More than twentyfold.
On May 26, researchers from MIT and the University of Southern California revealed the cause. After analyzing 4.5 million civil cases (fiscal 2005–2026) and 46 million PACER court records, they concluded that ChatGPT is turning U.S. courts into an unstoppable lawsuit printer.
By the Numbers
First, the share of pro se cases (self-represented litigants):
- Past 20 years: stable at ~11%
- Fiscal 2025: 16.8%
In fiscal 2025 alone, there were 41,490 pro se cases—roughly double the pre-AI annual average. More critically, 59% of the recent increase in civil litigation comes from these self-represented plaintiffs.
How to prove AI wrote them? The researchers used an AI text detector called Pangram, first validating it on 1,600 random complaints, then running it on the full dataset. The detected AI footprint grew as follows:
- 2023: 1.0%
- 2024: 3.5%
- 2025: 10.5%
- Early 2026: 18.0%
That means roughly one in five lawsuits is now AI-generated.
A Well-Intentioned Start
To be clear, AI helping ordinary people with legal matters started with good intentions. Those who couldn't afford a lawyer often gave up facing a pile of incomprehensible legal procedures. Now you can ask ChatGPT to explain what's needed to file a case, organize facts, summarize precedents, draft motions, and generate formatted documents—almost for free. It fills the famous 'justice gap' in legal services.
The problem is the volume.
When the Barrier Falls, the Flood Comes
When filing becomes too easy, courts get clogged. The study found that docket activity in the first 180 days after a pro se plaintiff files has surged 158% compared to pre-AI levels. A barrage of weak, repetitive AI motions forces opposing lawyers to respond one by one, driving up client bills.

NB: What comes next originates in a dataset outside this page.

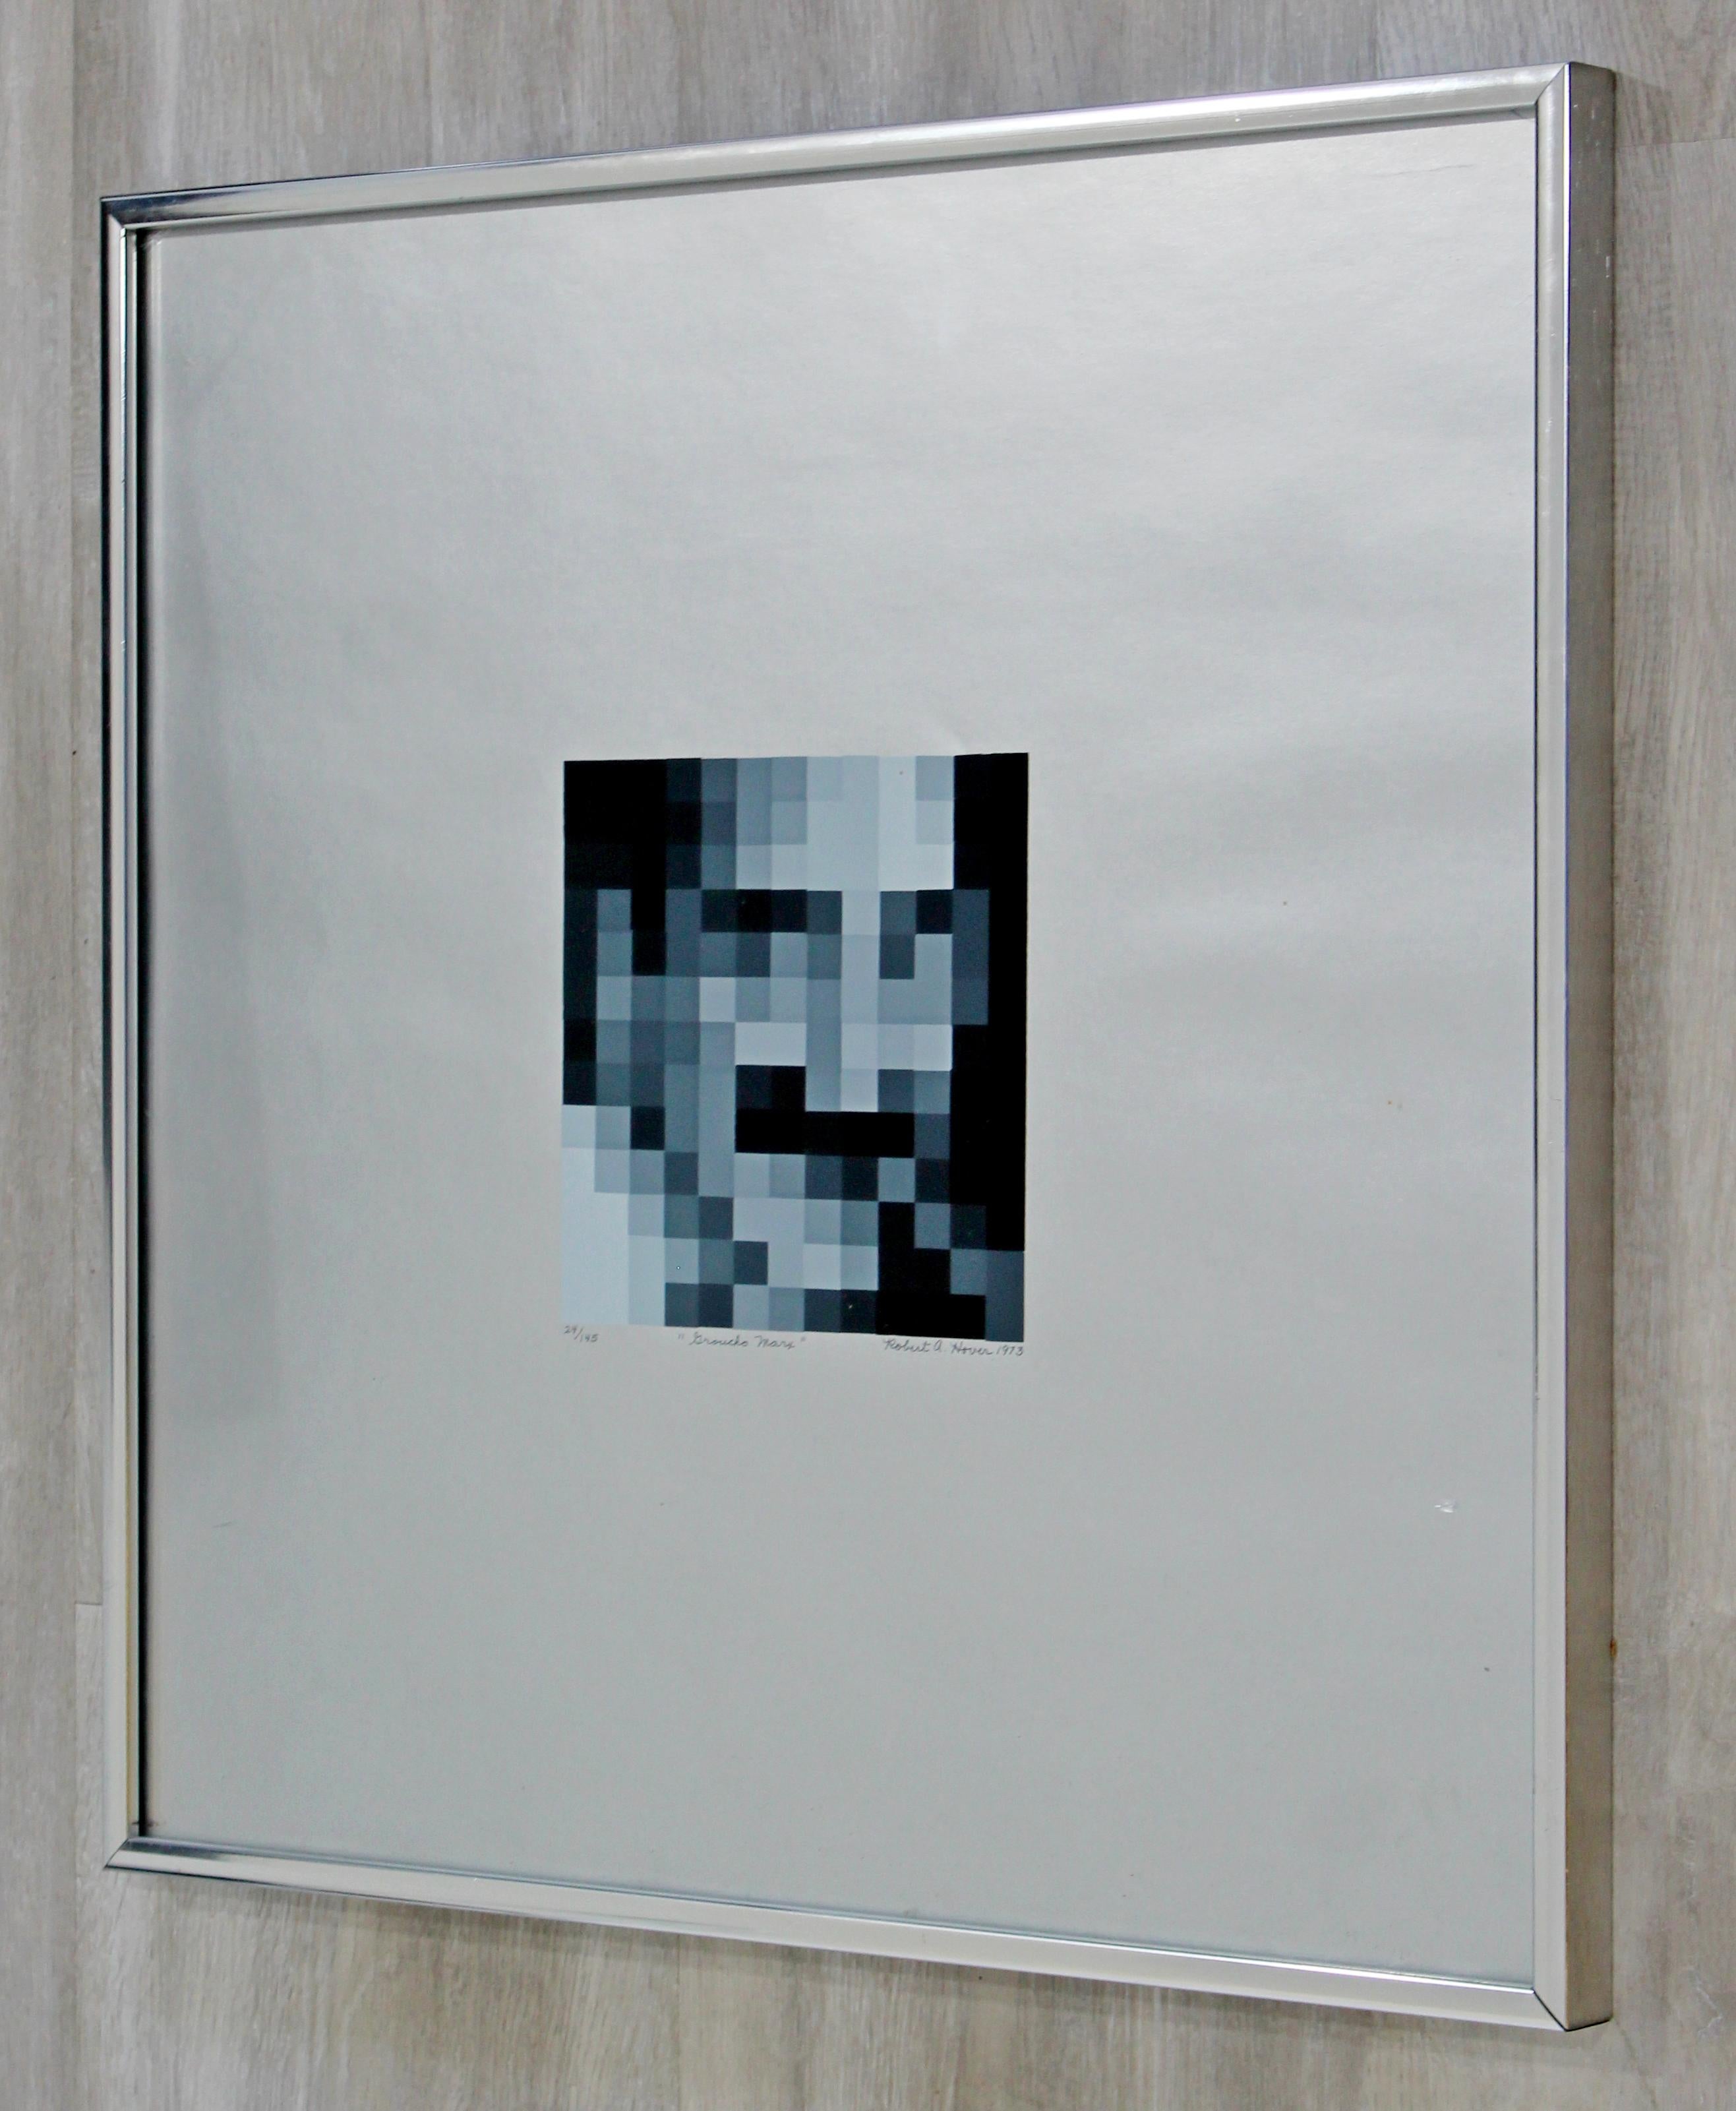 Late 20th Century Modern Framed Robert Hover Groucho Marx Pixel Art Seriolithograph Signed, 1973 For Sale

Federal Judge Patrick Schiltz of Minnesota put it bluntly:
'An existential threat to the federal courts.'
MIT researcher Shah was more direct, saying that if this trend continues, courts would 'basically have to shut down.'
Unintended Consequences
Researchers pinpoint the turning point as November 2022, when ChatGPT launched. The timeline matches—the subsequent spate of fabricated cases and AI-hallucinated citations making headlines also started then.
Courts can currently only add disclosure requirements and set up firewalls. But the fundamental contradiction remains: since AI has lowered the barrier to 'writing a plausible complaint' to the floor, it can't be blocked.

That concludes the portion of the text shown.